Ils soutiennent que :
— les conditions opaques dans lesquelles la convention a été signée n’a pas permis à la commission des usagers de s’assurer, conformément aux articles L. 1112-3 et L. 6112-2 du code de la santé publique, du respect des droits des usagers du service d’urologie ;
— la convention litigieuse méconnaît le droit à la protection de la santé et le principe d’égal accès aux soins, garantis par l’article L. 1110-1 du code de la santé publique, et met fin à l’enseignement universitaire de l’urologie à La Réunion, en méconnaissance de l’article L. 6142-1 du code de la santé publique ;
— elle méconnaît le droit au respect de la dignité de la personne malade, protégé par l’article L. 1110-2 du code de la santé publique, le droit du patient à prendre les décisions le concernant, protégé par les articles L. 1111-4 et L. 1110-8 du même code, ainsi que le droit au secret des informations médicales, protégé par l’article L. 1110-4 de ce code ;
— elle est entachée d’une erreur de droit, dès lors qu’elle est fondée sur l’article L. 6134-1 du code de la santé publique, alors que les dispositions réglementaires prévues par cet article n’ont pas été prises ;
— elle est entachée d’un détournement de pouvoir ;
— elle a été prise en méconnaissance des règles de publicité et de mise en concurrence fixées par les articles L1, L2 et L3 du code de la commande publique.

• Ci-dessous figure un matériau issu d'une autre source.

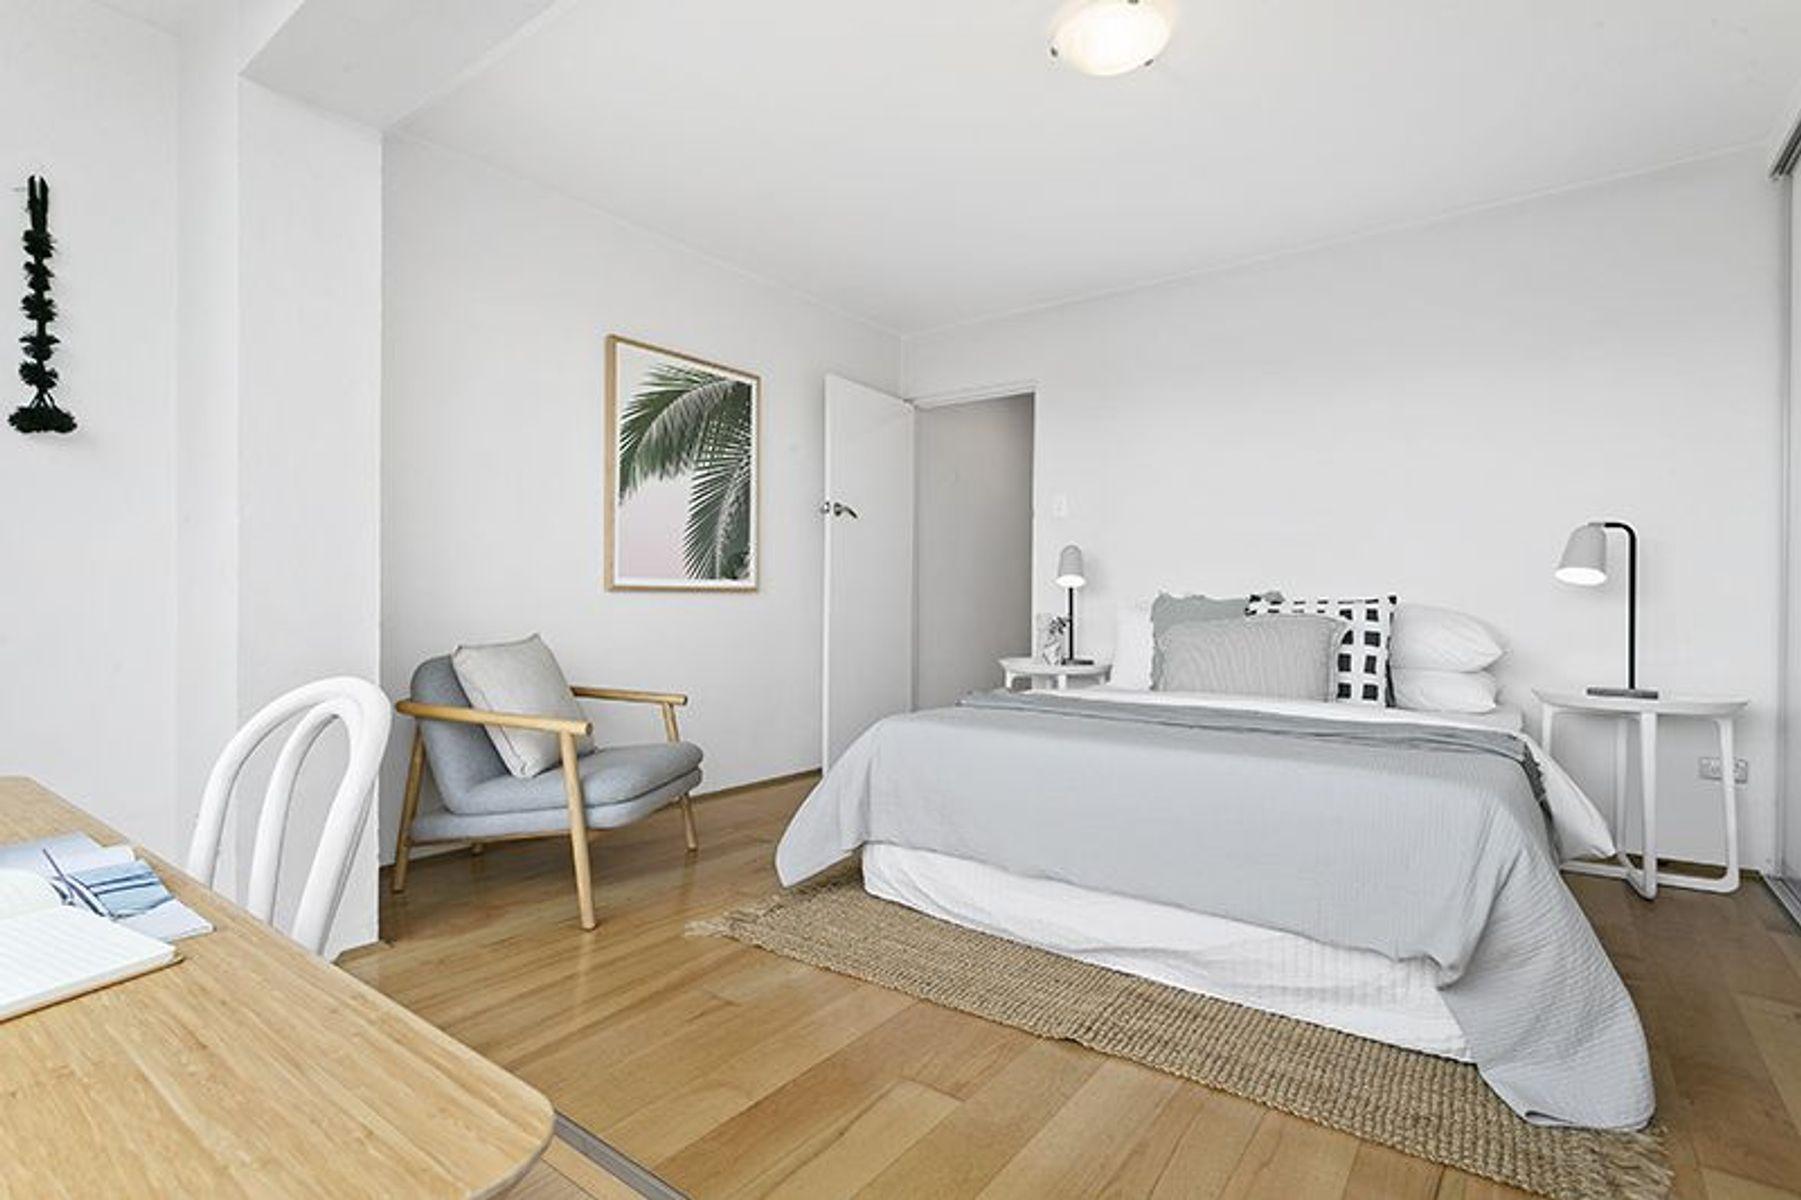 6/43 Bond Street, Maroubra, NSW 2035

Par un mémoire en défense, enregistré le 26 août 2022, le centre hospitalier universitaire (CHU) de La Réunion, représenté par Me Paraveman, conclut au rejet de la requête.
Il fait valoir que les moyens soulevés par les requérants ne sont pas fondés.
Par un mémoire, enregistré le 30 août 2022, l’agence régionale de santé (ARS) de La Réunion demande au tribunal de rejeter la requête.
Elle fait valoir que :
— les requérants ne justifient pas d’un intérêt à agir contre la convention litigieuse ;
— les moyens soulevés ne sont pas fondés.
Vu les autres pièces du dossier.
Vu :
— le code de la santé publique ;
— le code de la commande publique ;
— le code de justice administrative.
Les parties ont été régulièrement averties du jour de l’audience.
Ont été entendus au cours de l’audience publique :
— le rapport de Mme Beddeleem, conseillère,
— les conclusions de M. Ramin, rapporteur public,
— et les observations de Me Ova, représentant les requérants.
Considérant ce qui suit :
1. A la suite de la fermeture du service d’urologie du site nord du centre hospitalier universitaire (CHU) de La Réunion, le CHU a conclu avec le groupe Clinifutur une convention de partenariat, en date du 12 mai 2021, ayant pour objet d’organiser les modalités de prise en charge des patients en urologie. Par la présente requête, M. E G, M. J I, M. A B, Mme F D, Mme H C et M. K C demandent au tribunal d’annuler cette convention.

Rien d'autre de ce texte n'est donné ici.